Next Page: Results: Unified Fabric
- Key finding: With the Nexus 5000, Cisco converges Ethernet and storage traffic, reducing the number of required ports to the server by 66 percent.
  
  SANs that make use of Fibre Channel (FC) technology typically require that one or more cables be run to each server purely for FC interface connections. In addition, network cables (such as Ethernet) must be connected between the servers and the local area network (LAN) switches. Servers, after all, must receive requests from the client sitting on the network and make the appropriate data look-up to the SAN via FC before answering the clients.
  
  This requires two sets of cables and ports – network and data. Cisco’s solution takes advantage of Fibre Channel over Ethernet (FCoE) technology and converges SAN and LAN traffic over a single link, thereby reducing server port count in the data center.
  
  Our two main targets for these tests were to:
  
  Verify that Cisco’s IP video applications are able to function over SAN infrastructure
  Verify that no negative effect is seen on the applications when additional traffic is run over the same infrastructure
  
  To validate the points above, Cisco ran two IP video applications over the network: digital signage and IP video surveillance applications (both described in our first test report). The clients for these services were configured to access the servers over the network and to read or write files from the SAN disks.
  
  We used the Spirent Communications plc tester to generate additional network and storage load on the system:
  
  First, Spirent TestCenter was configured to transmit 6 Gbit/s of Ethernet traffic and 4 Gbit/s emulated FCoE traffic bidirectionally between two FCoE-capable 10-Gigabit Ethernet ports, each connected to the same switch that was serving the IP video applications – the Nexus 5000.
  
  Next we transmitted continuous HTTP Get requests from a Spirent Avalanche to the same server running both applications. The requested file was actually the video file used for the Digital Signage application. This way we were sure that the file really needed to be accessed from the SAN disks and was not on the server itself.
  
  We monitored the application behavior for degradation in service quality or noticeable video effects all through the tests.
  
  The results were positive on all accounts:
  
  The Spirent TestCenter was able to establish a Fibre Channel login on the Nexus 5000 and transmit line-rate Ethernet and Fibre Channel traffic on a 10GE interface without any loss and with average latency of 3.35 ms.
  
  Spirent Avalanche successfully retrieved the requested file, proving that the server was able to receive and process Ethernet traffic from the LAN, such as an HTTP Get request in this scenario, then make a Fibre Channel lookup for the file requested over the same physical Ethernet link.

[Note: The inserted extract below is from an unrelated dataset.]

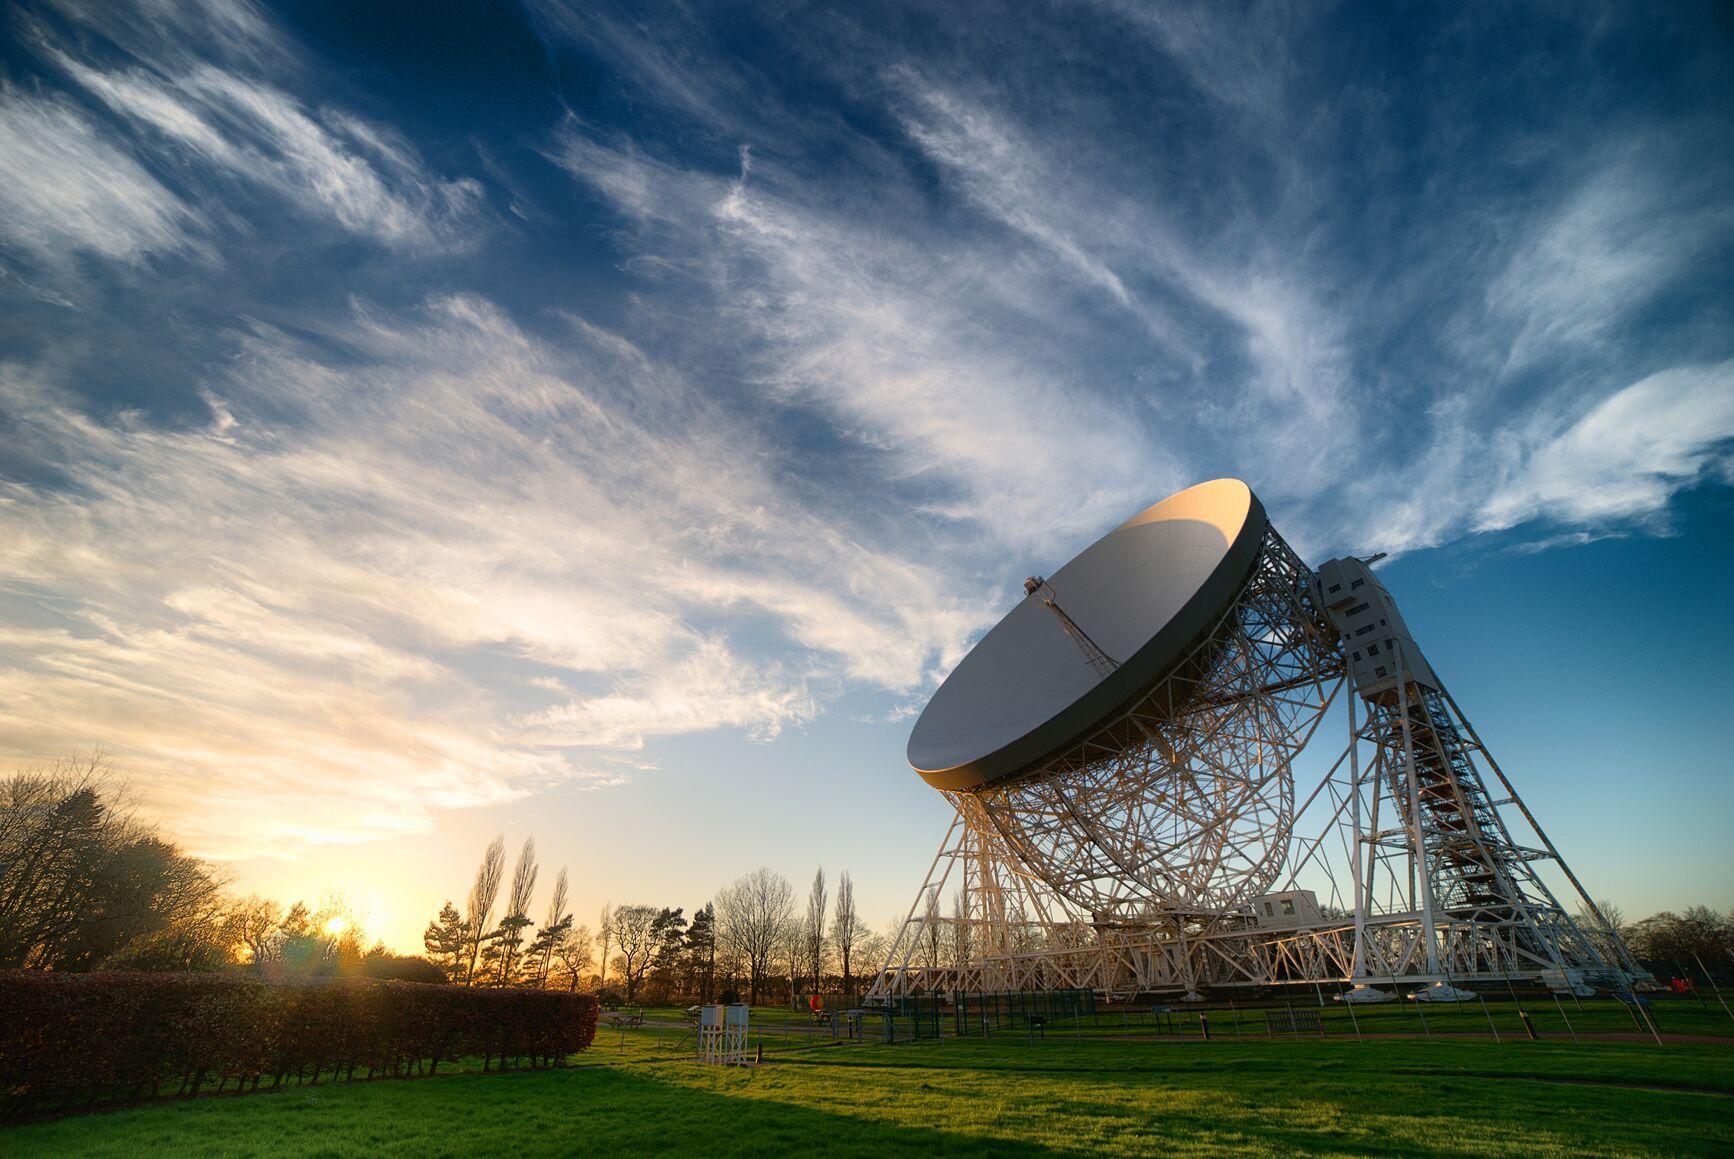 Lovell Telescope - Anthony Holloway

- Throughout the course of the test, no interruption visible to the human eye was witnessed on the digital signage and IP video surveillance applications.
  
  The test confirmed Cisco’s expectations: The Nexus 5000 worked in this single-server scenario without showing any degradation in service quality. In a real-world deployment it is expected that many more servers would be attached to the Nexus 5000 – the potential array of servers is described in the previous report, where we discussed user experience and monetization.
  
  In addition, a clear benefit of the move to FCoE could be shown using a back-of-the-envelope calculation: In a traditional Fibre Channel environment, two Ethernet ports would have been required for each service (for resiliency) plus two SAN connections, using six ports in total. Here only two ports were needed – a 66 percent reduction in server port count.
  
  Next Page:Results: Virtual Machine Relocation
- Key finding: A solution using Cisco's Nexus 1000V virtual switch and VMware’s Vsphere allows for a virtual machine-run process to be moved from one physical server to another with negligible interruption observable to the end-user.
  
  One of the main advantages of virtualization is flexibility. If the application runs out of CPU resources on a specific physical server, the administrator can move a few virtual hosts to another physical server and move on. In practice, network administrators have to go through some pain when moving virtual servers around, because the Ethernet port configuration needs to be moved simultaneously.
  
  To solve the above problem Cisco introduced a smart virtual switch that can do the work for the administrators – the Nexus 1000V. The idea is that the virtual switch will manage the connectivity of each virtual server in the physical server cluster. The Nexus 1000V is a Cisco Nexus switch very similar to others in the sense of code releases and CLI. However, there is one major difference: the Nexus 1000V is not a piece of hardware but, rather, software. Instead of physically plugging a cable into a server and switch, you virtually connect a virtual server to a port on the virtual switch.
  
  Finally – and this is where the flexibility aspect comes in – the Nexus 1000V process is distributed among the different physical servers and their respective management servers. This allows the administrator to move a process from one physical server to another. Suppose an admin would like to upgrade a piece of hardware on one of his servers, but sees that several clients are currently using the server. Not only does the admin not have to disconnect the clients in order to relocate these processes to a second server, he or she also does not have to reconfigure the Ethernet switch.
  
  Now, if this works properly, it can save the administrator a lot of configuration time and prevent mistakes.
  
  Our test was to verify two main points Cisco claimed:
  
  The ability of the solution to migrate a virtual machine-run process from one physical server to another with negligible interruption observable to the end-user. Not only did we expect to see that the whole virtual server move could be done across physical servers, but also that the move would not require anything more than a single command without any port profile configuration performed on the Nexus 1000V.
  
  The second point was to actually verify that the two Cisco applications were able to run on virtual servers.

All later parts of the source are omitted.